Given information:
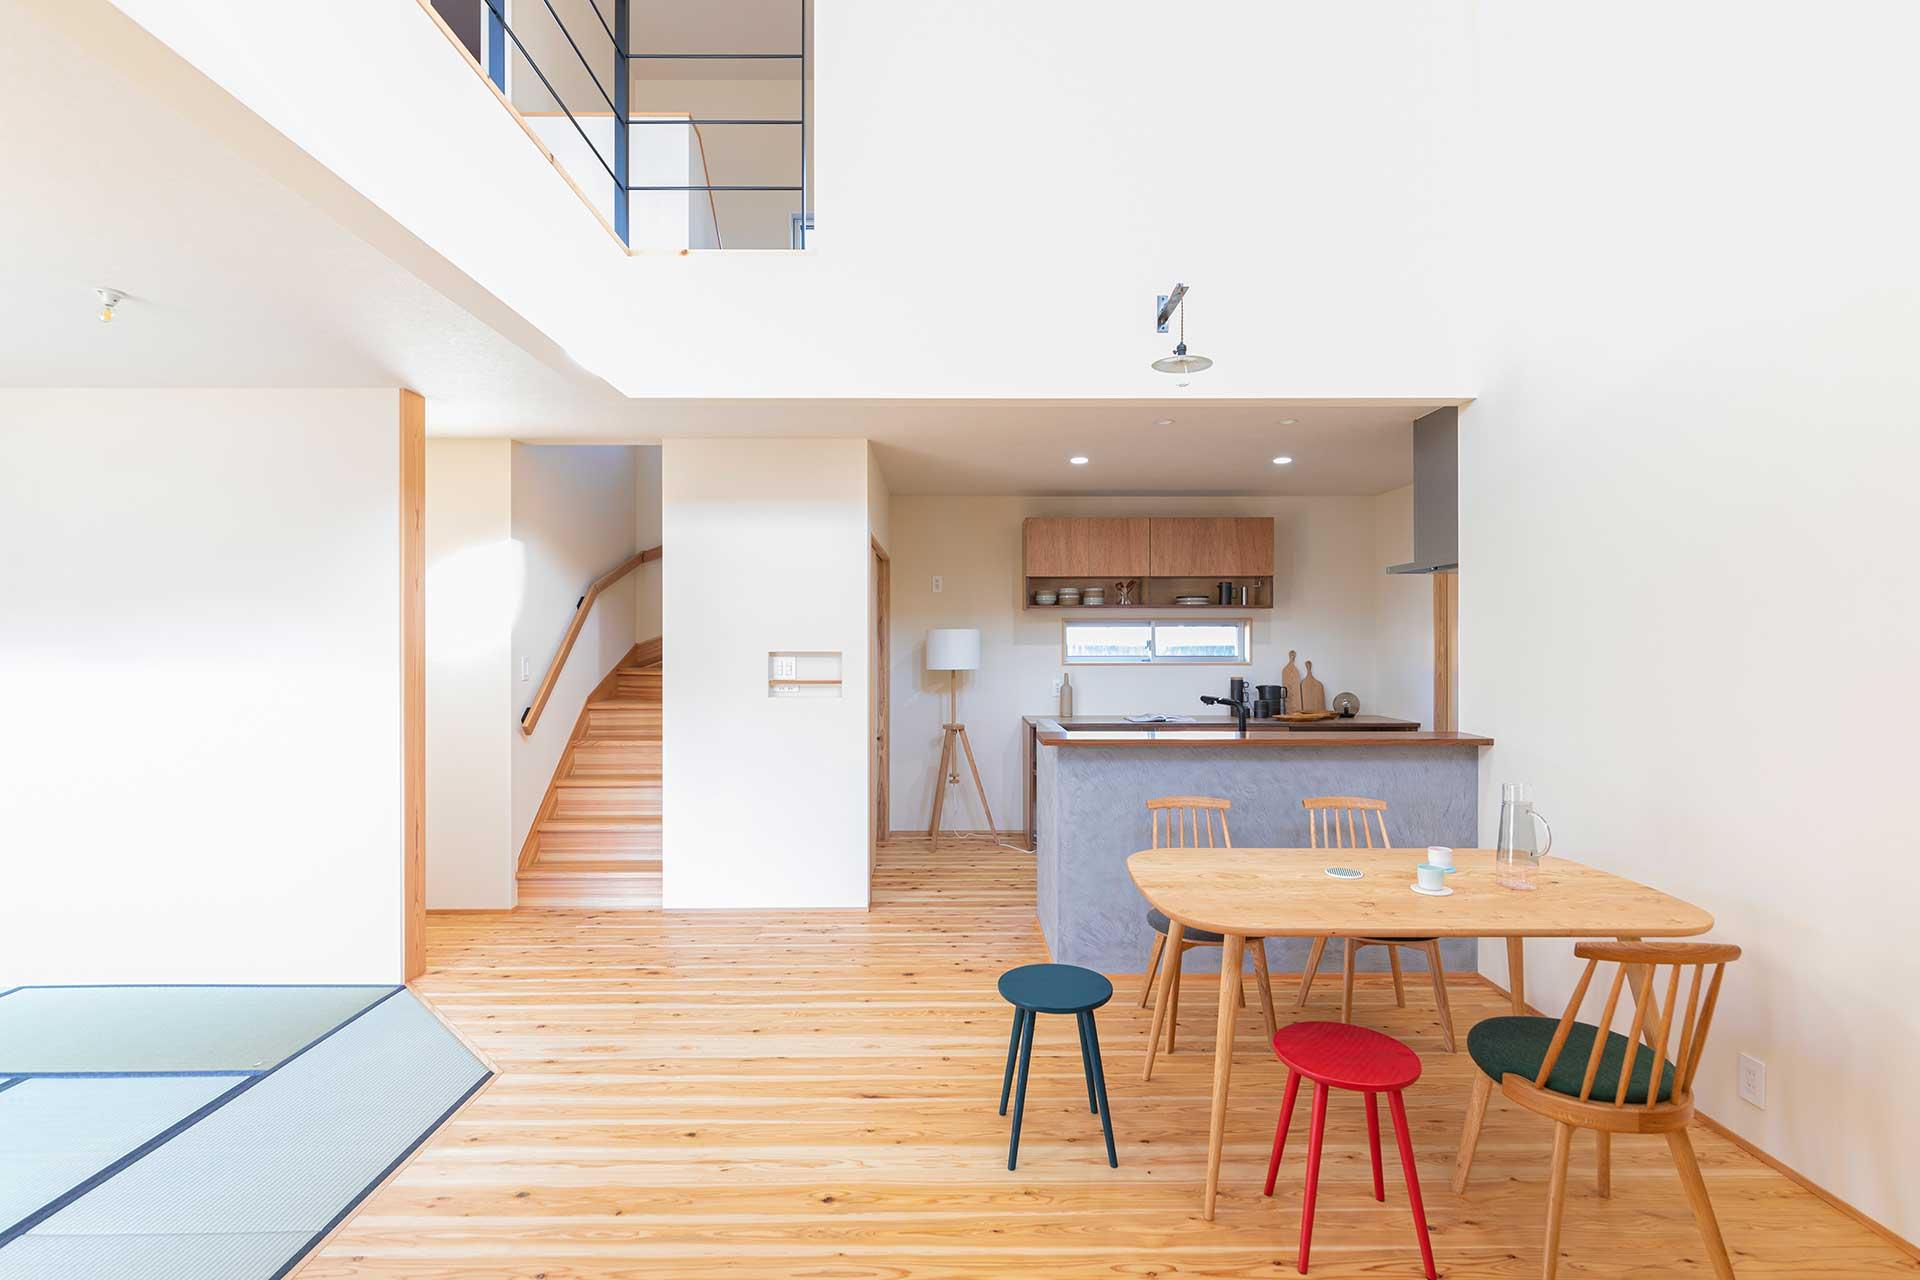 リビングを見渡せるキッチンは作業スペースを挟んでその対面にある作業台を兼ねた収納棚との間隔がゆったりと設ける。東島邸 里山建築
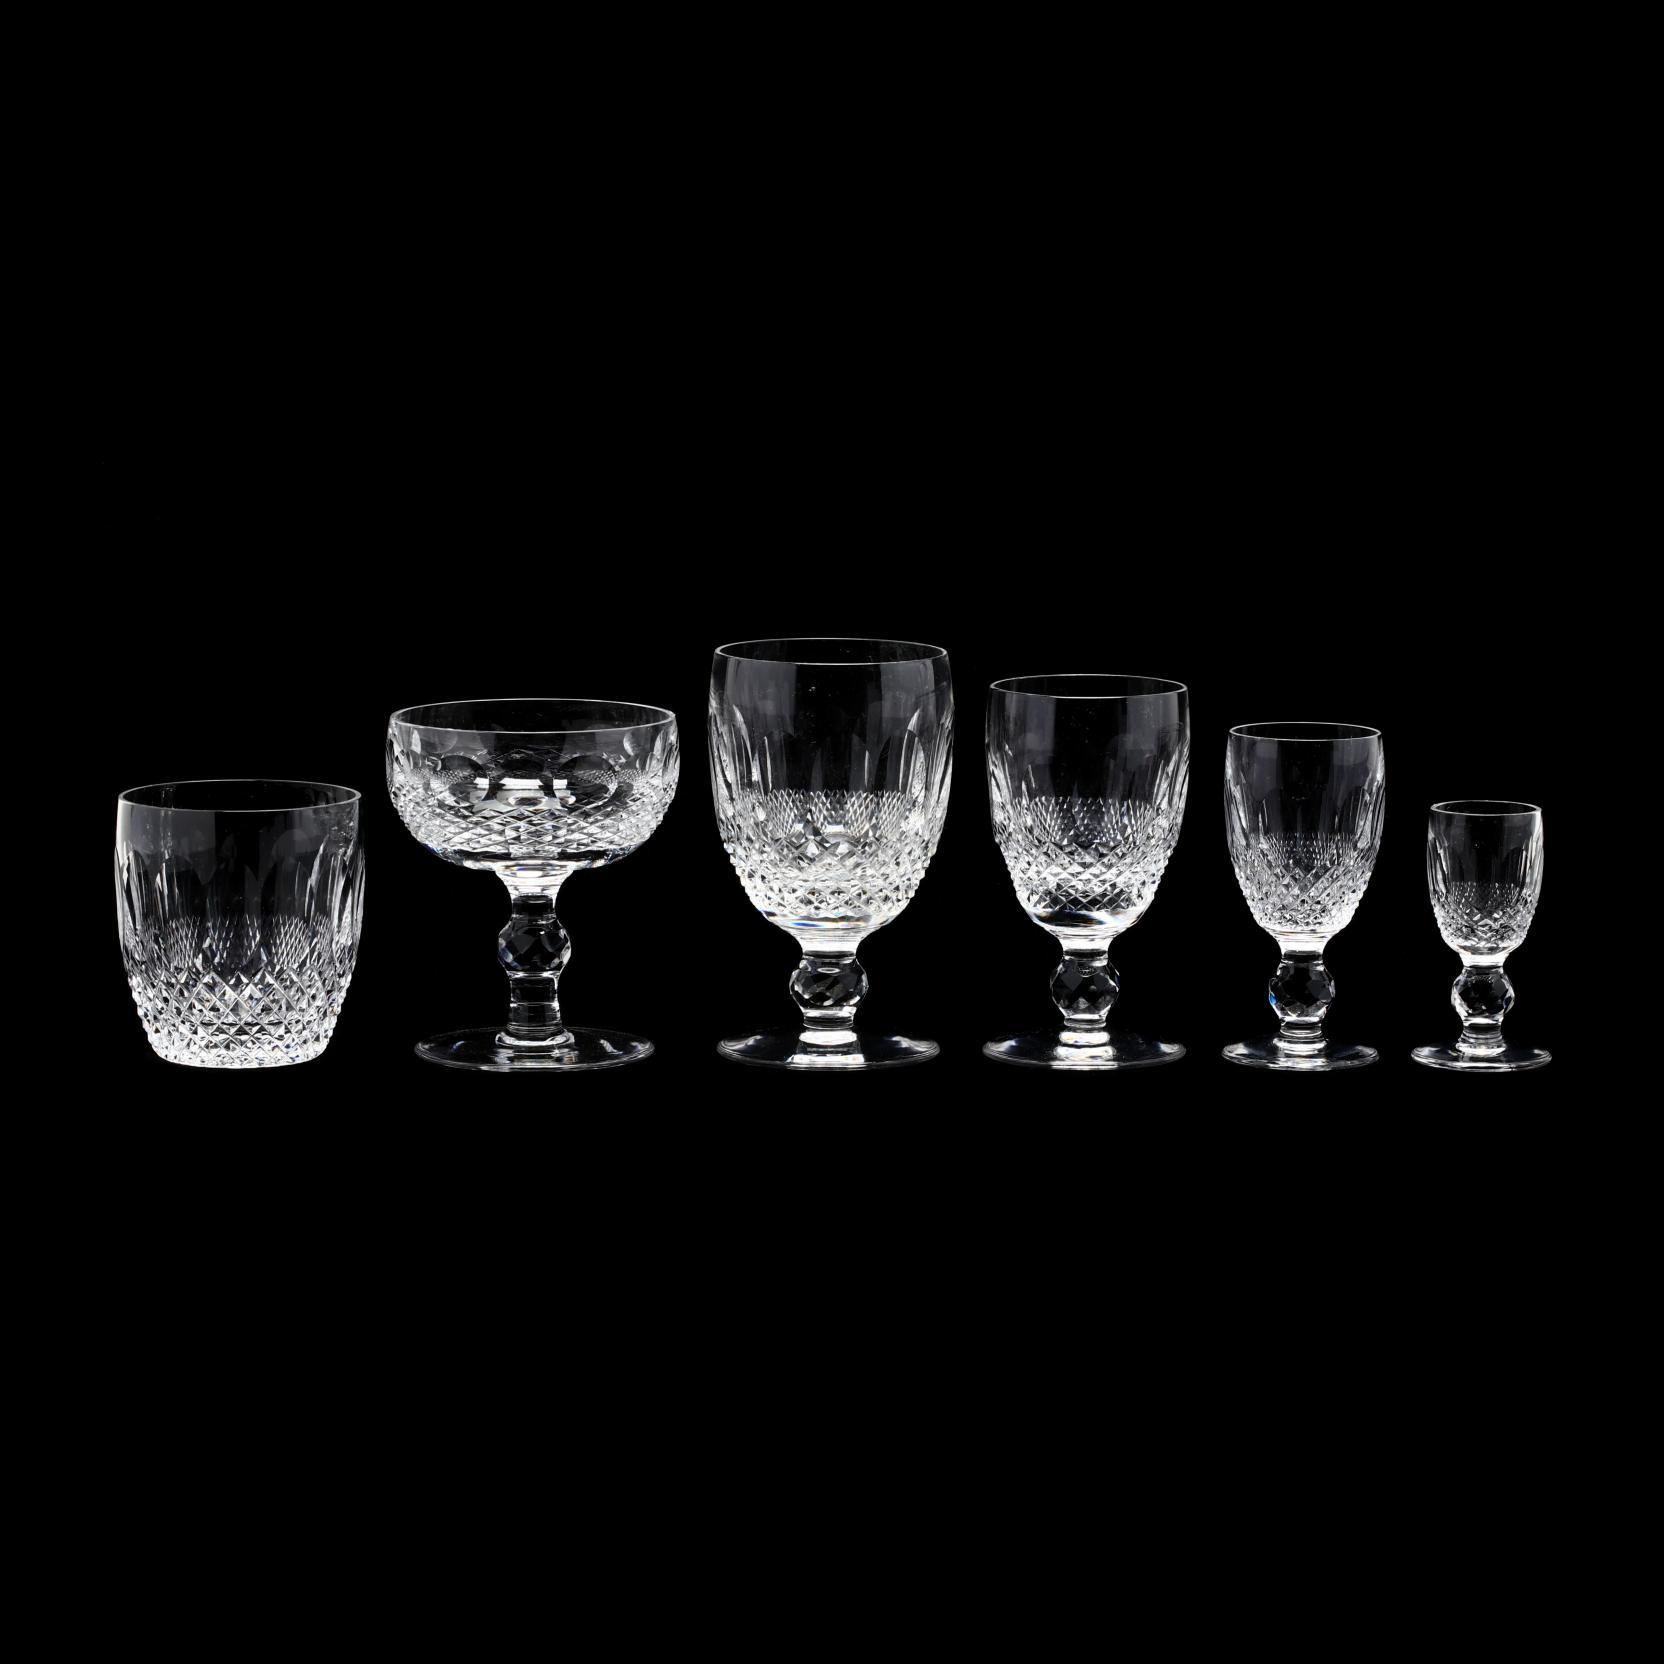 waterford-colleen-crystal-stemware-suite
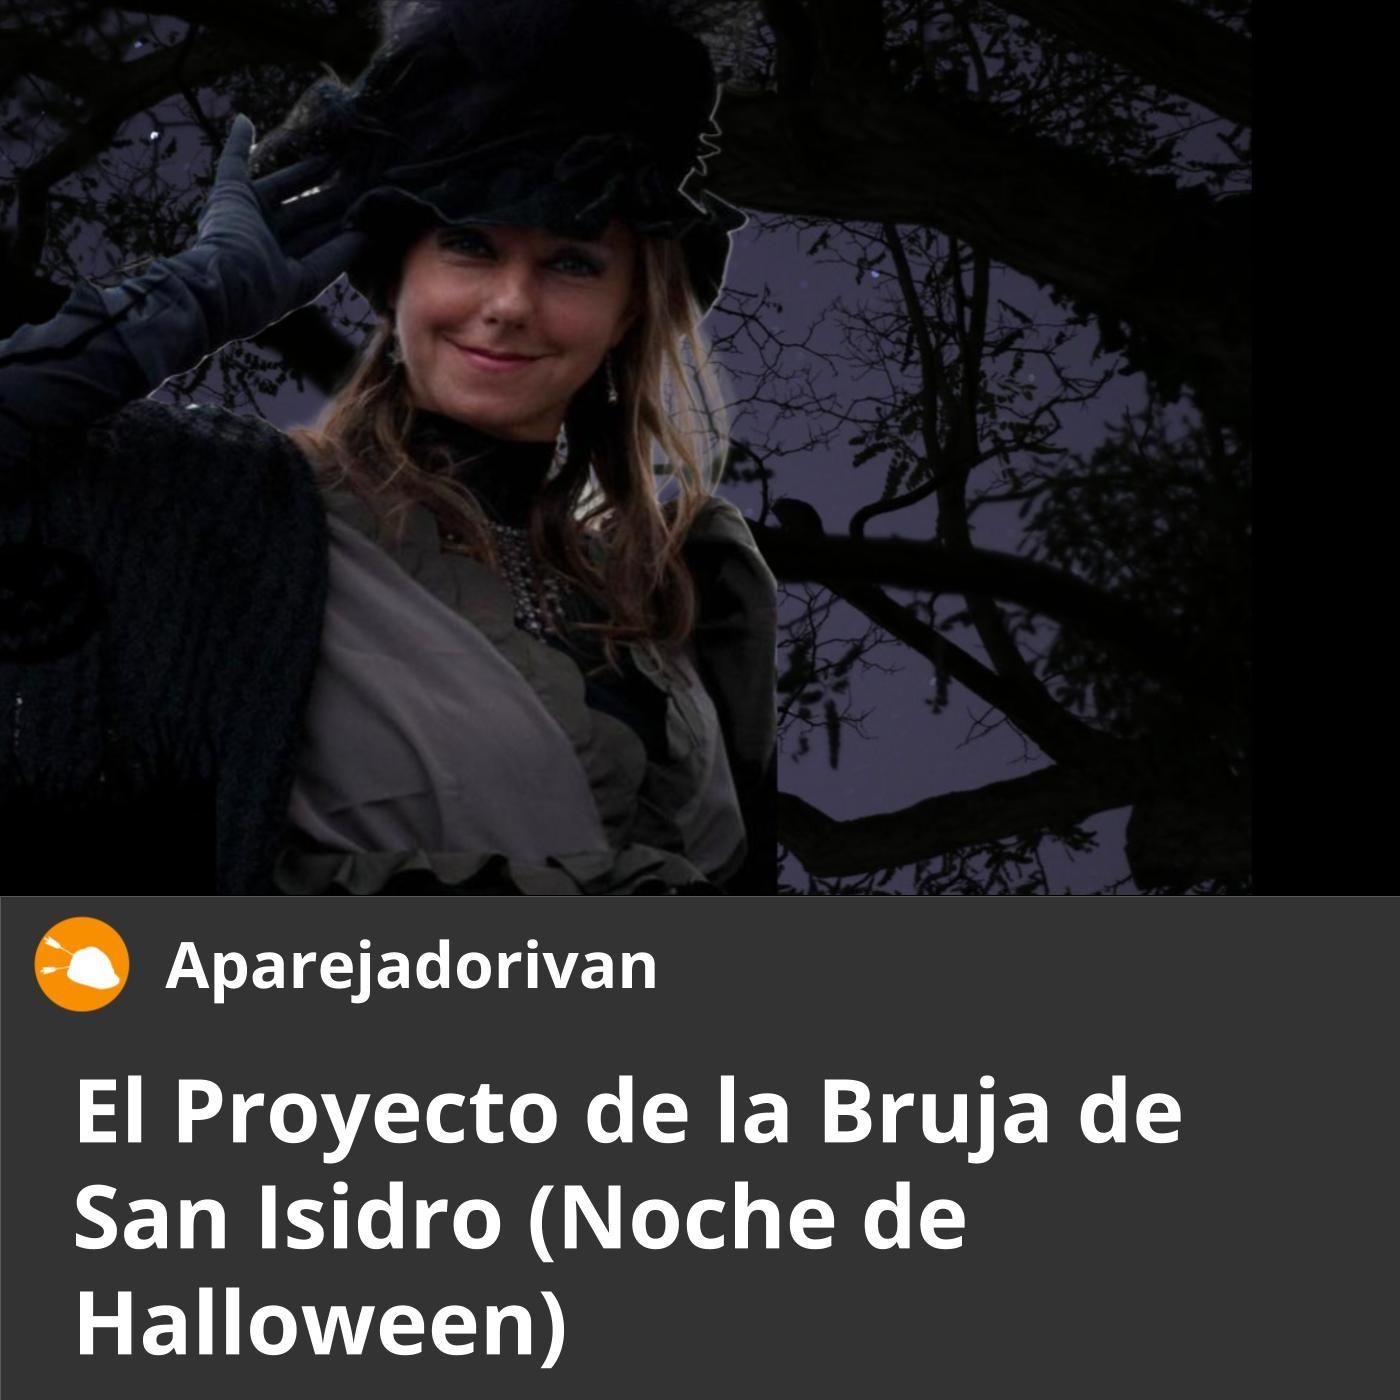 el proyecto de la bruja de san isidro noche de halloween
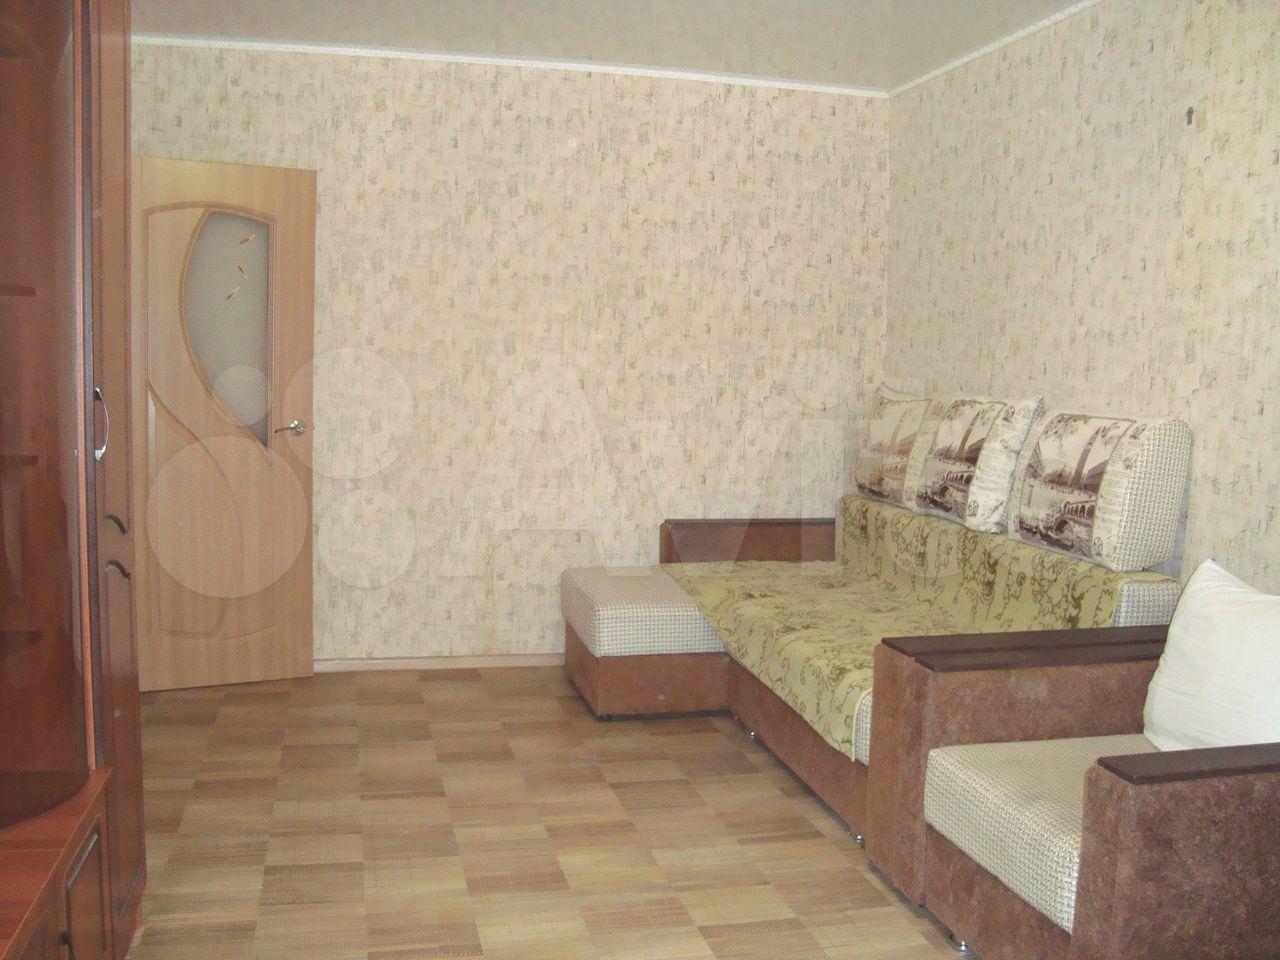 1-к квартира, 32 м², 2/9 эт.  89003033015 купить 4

About this task:
Pictures stay out; the data above is to be returned exactly.

Answer for the task:
 リビングを見渡せるキッチンは作業スペースを挟んでその対面にある作業台を兼ねた収納棚との間隔がゆったりと設ける。東島邸 里山建築
 waterford-colleen-crystal-stemware-suite
 el proyecto de la bruja de san isidro noche de halloween
 1-к квартира, 32 м², 2/9 эт.  89003033015 купить 4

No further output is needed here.